Another option is Addiction Nutri-RX allergy HS.. it is dehydrated raw with potato and hydrolyzed soy protein(and vitamin packet. The only non Diamond, non rx diet that my Eve can have. She has allergies to chicken/turkey, eggs, barley, kelp, carrots, and green peas.. and borderline to wheat. It has been a pain to find anything without ALL these ingredients!! except with the LID foods.. Natural balance.. which is manufactured by Diamond and Wellness.. another manufactured by Diamond. Anyway the Addiction Nutri-rx is supposed to be for allergy dogs and dogs with IBD. You are encouraged to add to this food as well. I just bought a bag.. when her symptoms subside Ill see if she is affected by the Honest kitchen foods.. may do more of an elimination diet on her.


----------



## tortoise (Feb 5, 2012)

Solid Gold is now added to the recall as of yesterday.

Solid Gold Dog Food Recall


----------



## tortoise (Feb 5, 2012)

t_meghan said:


> I am so glad that I have seen this post because I was just about to switch Astro to Diamond Naturals Chicken and Rice for adult dogs! Does anyone know of any brands that are not super expensive but are good quality other than the ones that are recalled?? The area that I live in is very small and the only stores to really get pet food is either Tractor Supply or Petsmart so I know this limits the products available, however I could order it but would rather pick it up from a store. Thanks!!

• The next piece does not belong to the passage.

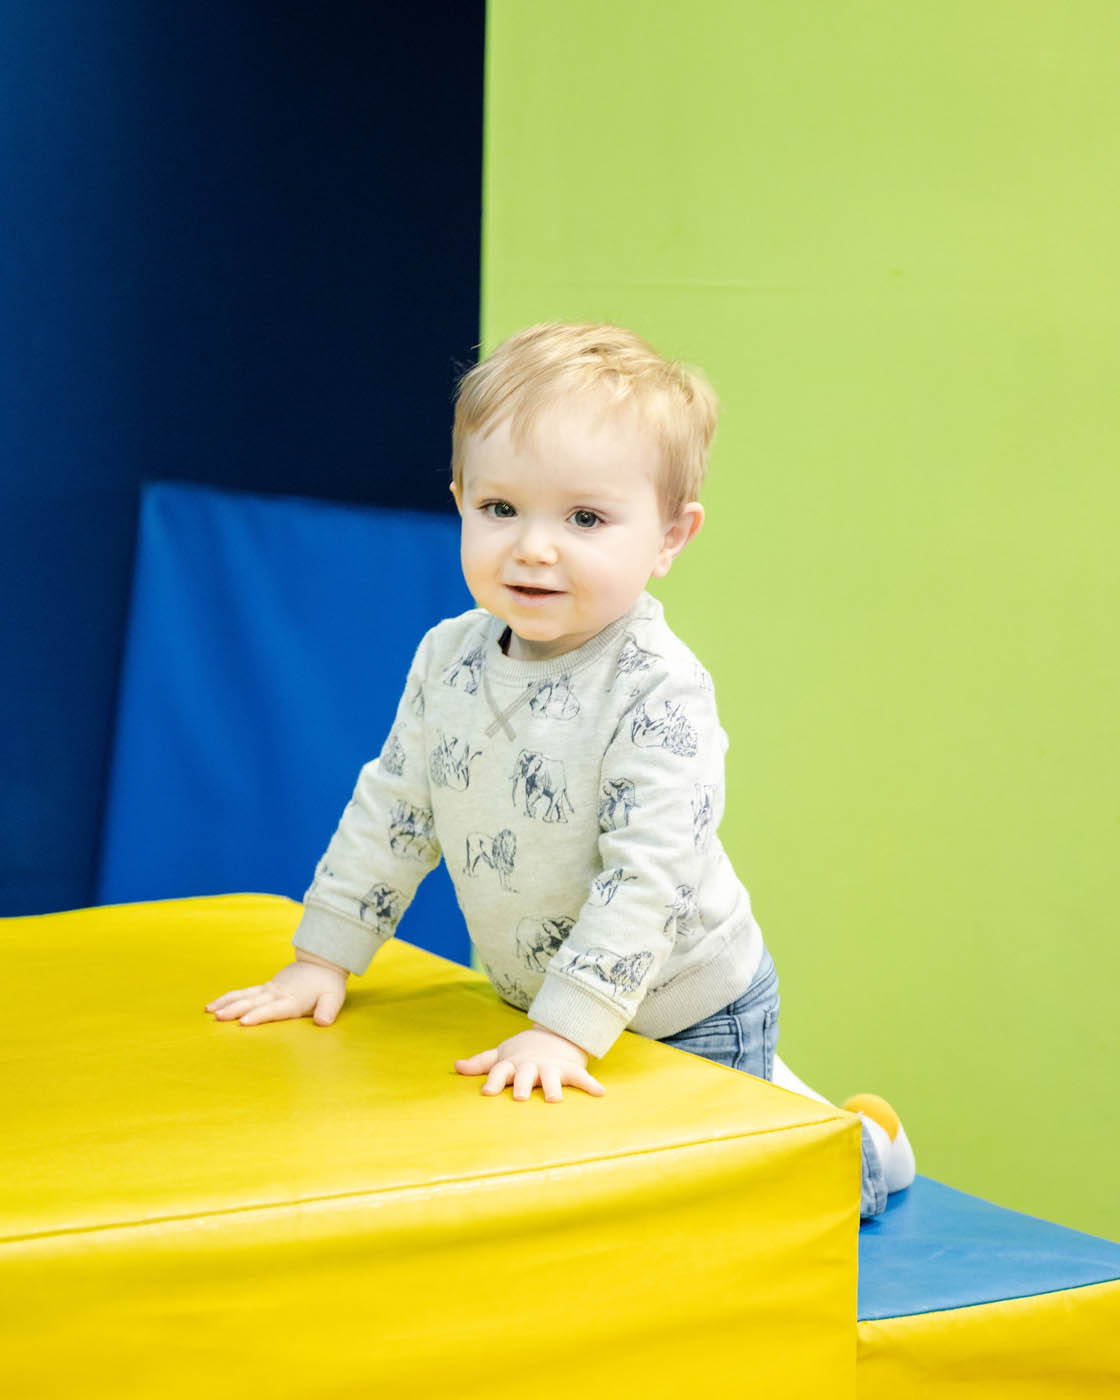 A young boy climbing on some age appropriate gym equipment at a Midlothian toddler tumbling class.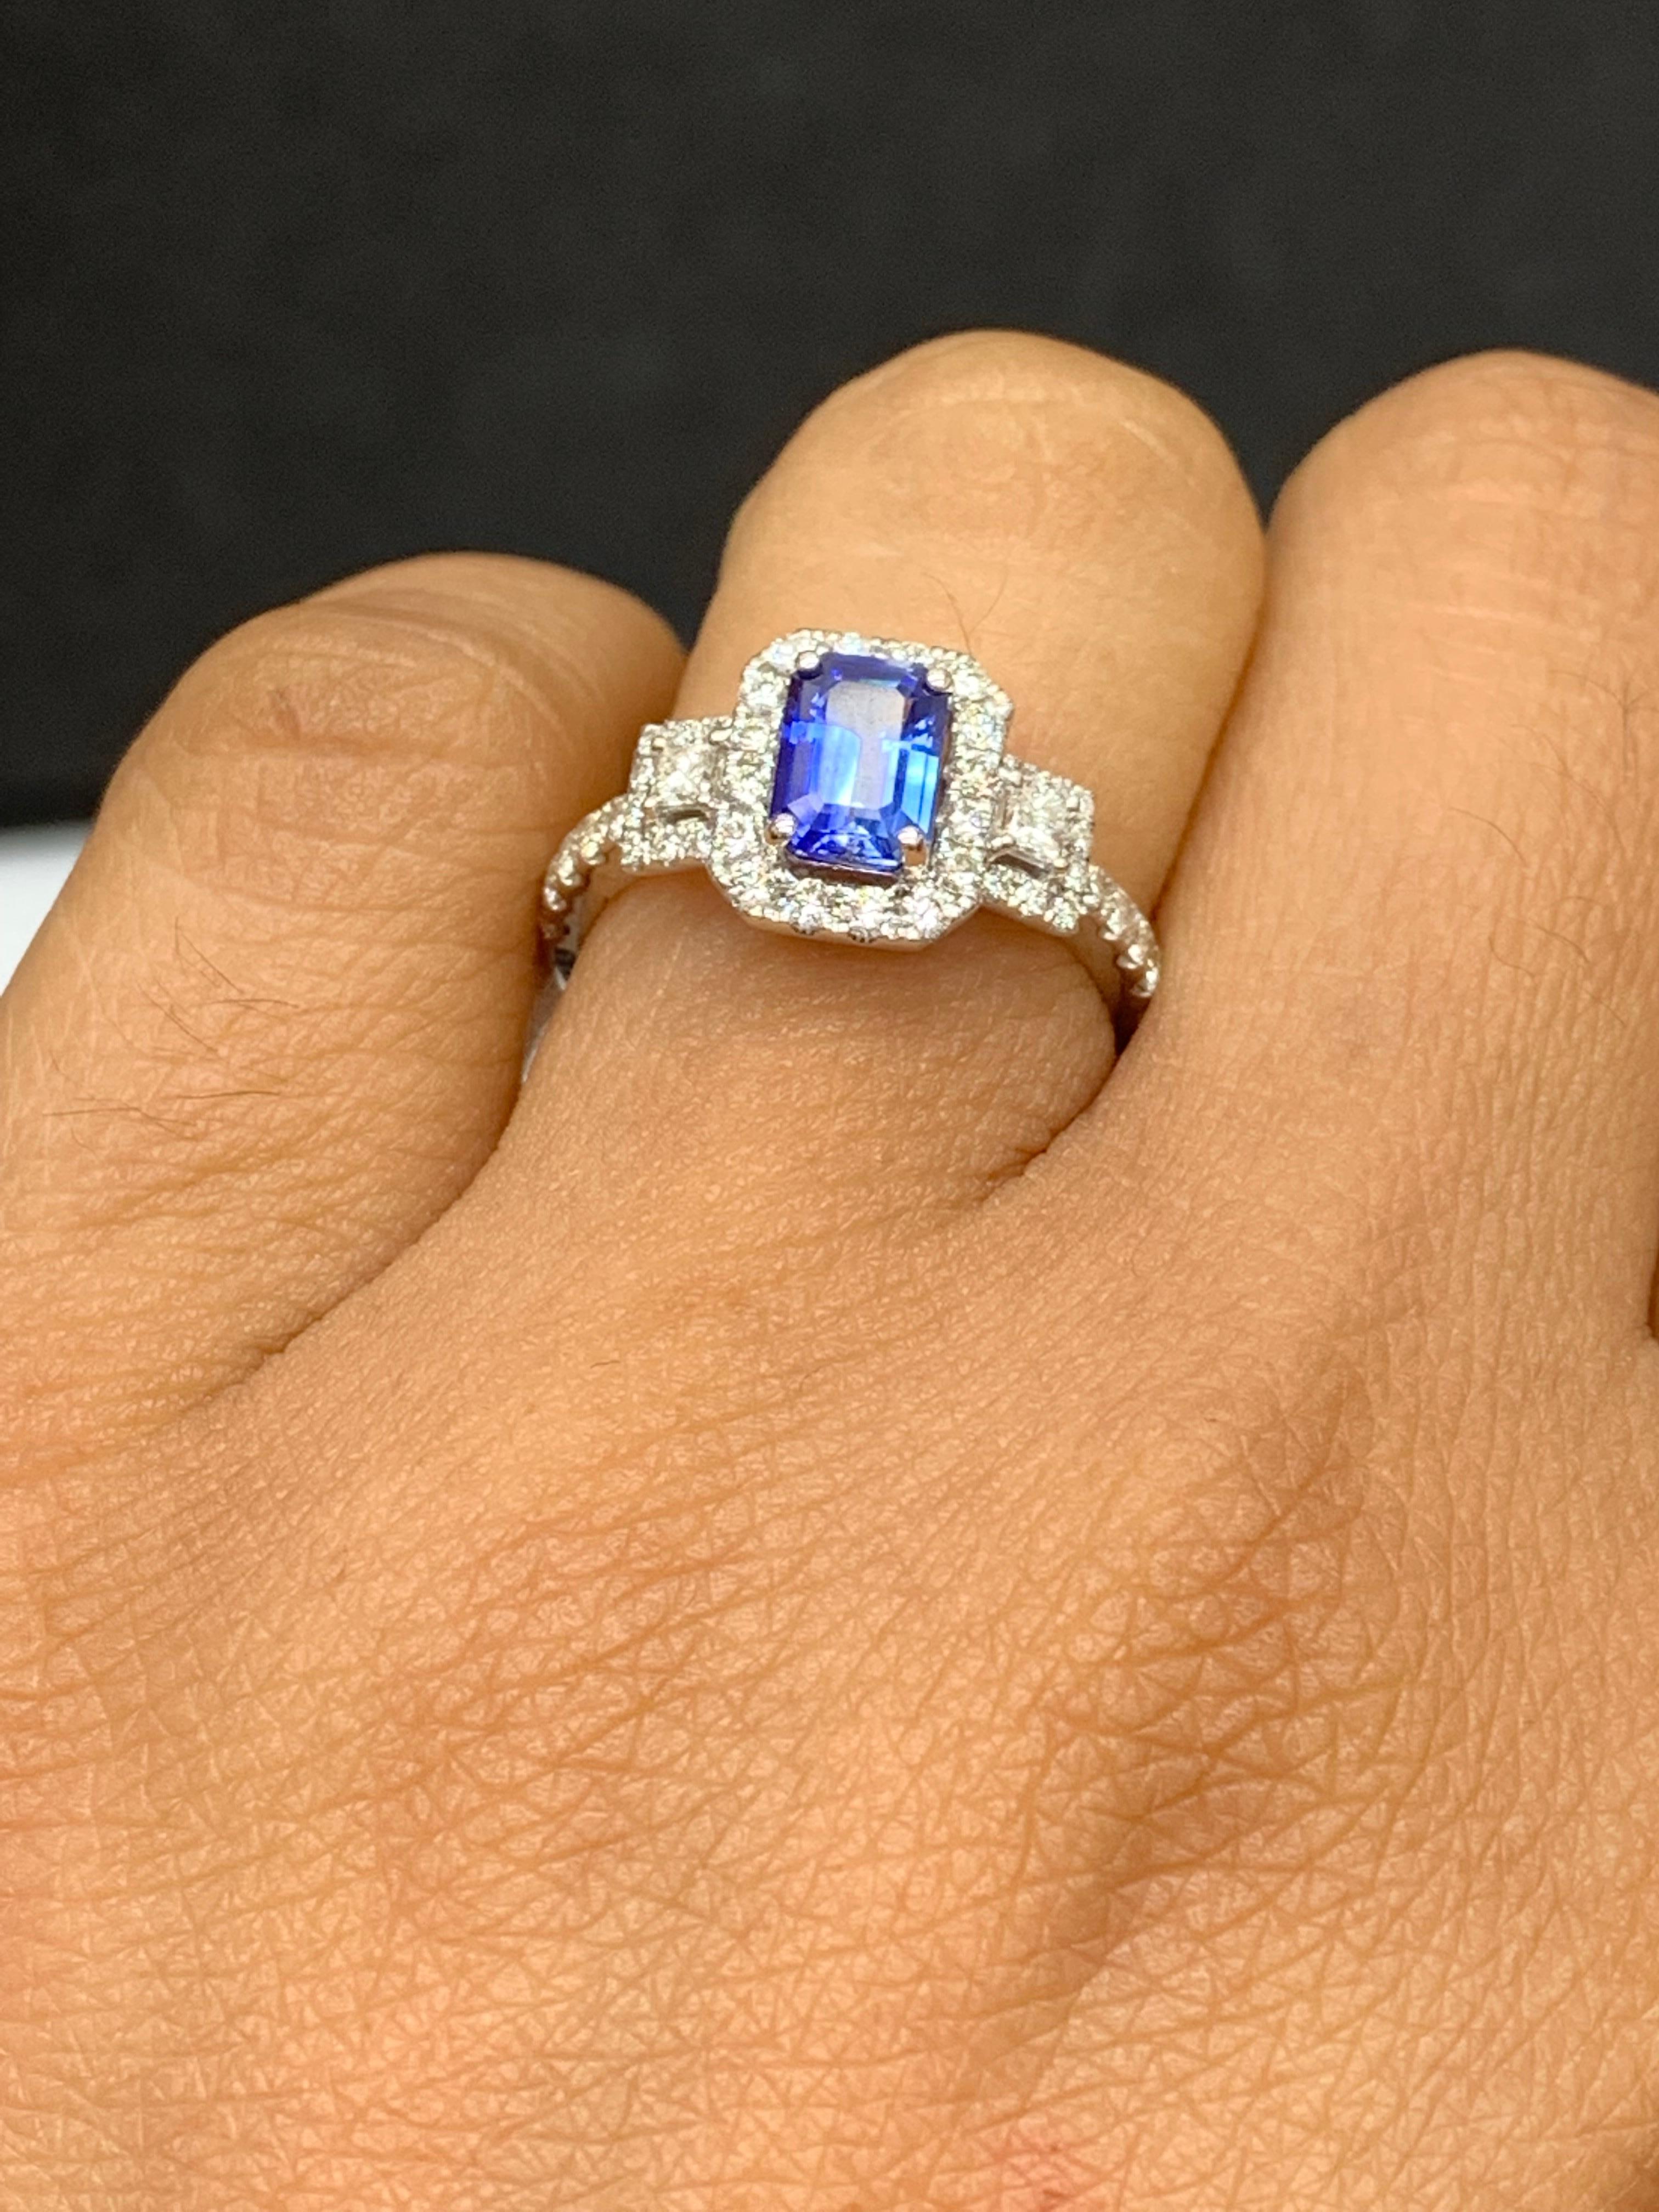 A stunning ring showcasing a rich emerald cut Blue Sapphire weighing 1.21 carats surrounded by diamonds. The center stone is surrounded by a row of 42 diamonds, weighing 0.57 carats total, with 2 princesses cut diamonds on each side weighing 0.12

NutriSource is a 4-star food that costs pennies per pound more than Dog Chow. EXCELLENT value and really good food. (Not grain free)


----------



## Ladyscarletthawk (Dec 6, 2011)

The problem I have with Diamond.. and its not the supposed salmonella scare.. Its that they have repeated recalls.. and some pets have been really ill and even died on their foods. My dogs had diarrhea and threw up on TOTW.. then I found out it was a Diamond food.. boy did I freak. Its not that its a company with one recall with a salmonella scare.. its a company with multiple recalls.. How can you trust that...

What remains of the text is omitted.